Protocolli per l'isolamento di un frammento di DNA, il primo passo nella clonazione molecolare, spesso incorporano una reazione a catena della polimerasi (PMR), che utilizza cicli di riscaldamento e raffreddamento per amplificare frammenti di DNA. Per raggiungere la dimensione sequenza obiettivo, altri protocolli includono sonicazione DNA, reazione enzimatica digestione e l'uso di oligonucleotidi sintetizzati chimicamente. Questi protocolli variano a seconda della grandezza e quantità di DNA isolato necessario.
Legatura

Protocolli per la legatura coinvolgere utilizzando un enzima, la DNA ligasi, per unirsi molecole di DNA con un legame covalente. Protocollo impone unendo frammenti di DNA, il vettore di clonazione, un buffer legatura, la DNA ligasi e acqua sterilizzata in una provetta e incubare una notte a 4 gradi centigradi.
Transfezione

per trasfezione, o DNA infondendo in una cella utilizzando un mezzo non virali, spesso comportano l'iniezione di DNA direttamente nel citoplasma delle cellule. Altri metodi includono l'utilizzo di reagenti chimici, come il fosfato di calcio e lipidi, per fornire il complesso trasfezione attraverso la membrana cellulare. Questo metodo mette alla prova gli effetti della modificazione genetica sul funzionamento di specifici geni.
Selection | Appartamenti

​​selezione, o di screening, protocolli determinano quali cellule svolta con successo il DNA e indicano che le cellule hanno bisogno di isolamento.
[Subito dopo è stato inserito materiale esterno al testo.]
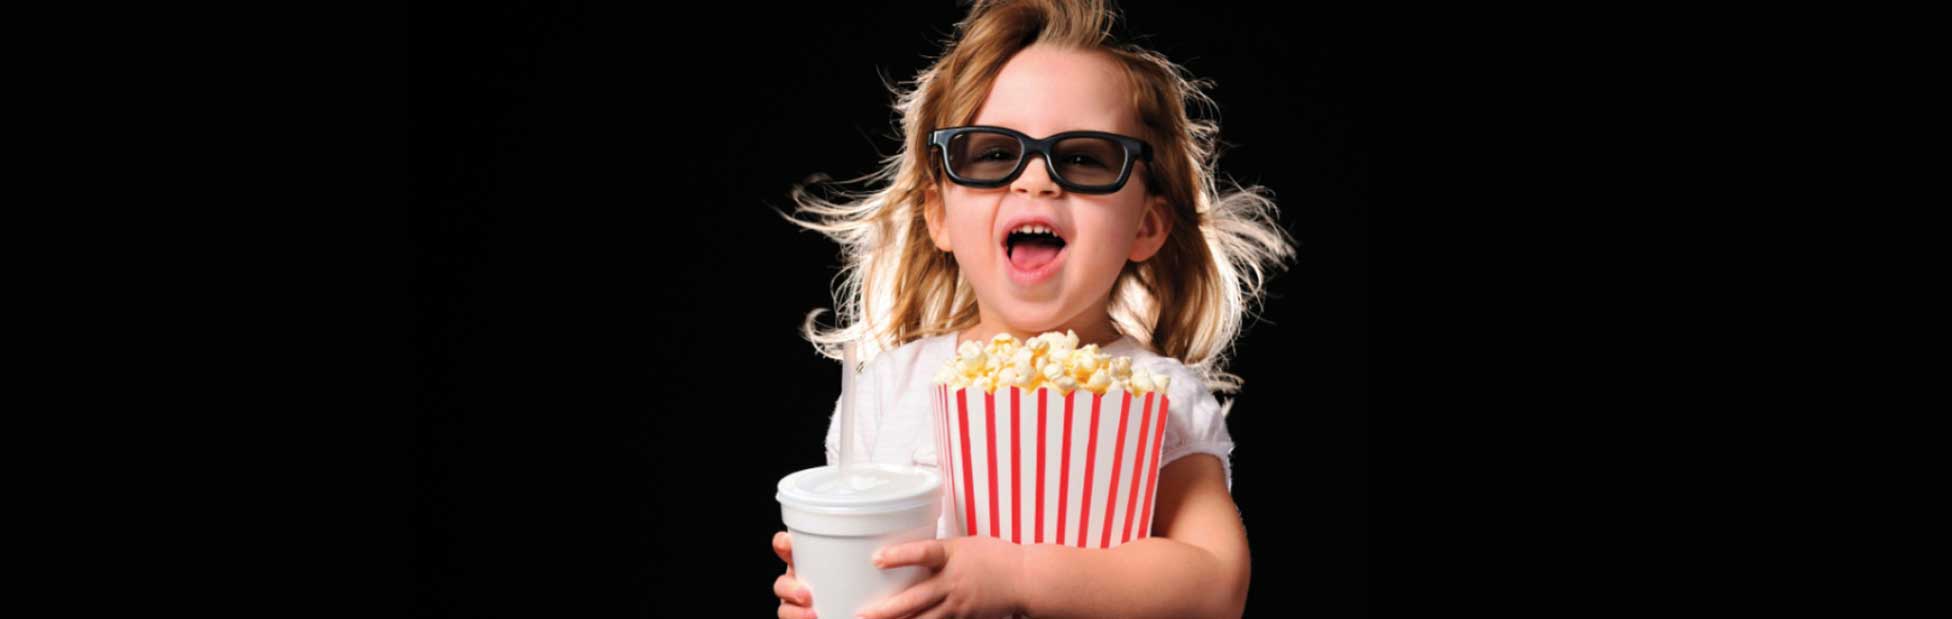 Girl with glasses on holding large popcorn

Una centrifuga raccolti celle contenenti il ​​DNA trasfettato, che vengono poi incubate in un lisozima (un enzima naturale) tampone e trattato con un detergente alcalino, dando le proteine ​​e membrane solubilità. Utilizzando acetato per precipitare le proteine, una centrifuga e filtro garza il supernatante contenente DNA (il liquido solubile restante da un composto centrifugato). Il supernatante viene precipitato con polietilenglicole, centrifugata e sospesa in un tampone di cloruro di cesio e bromuro di etidio. Le macchie bromuro di etidio il DNA secondo la densità, e utilizzando una luce UV a onde lunghe, il DNA inferiore banda viene estratto con una siringa da cinque cc. Una colonna di scambio ionico equilibrata separa il DNA dal bromuro di etidio e cloruro di cesio, e la finale pellet di DNA viene sospeso in una soluzione tampone e rilevato sul gel elettroforesi.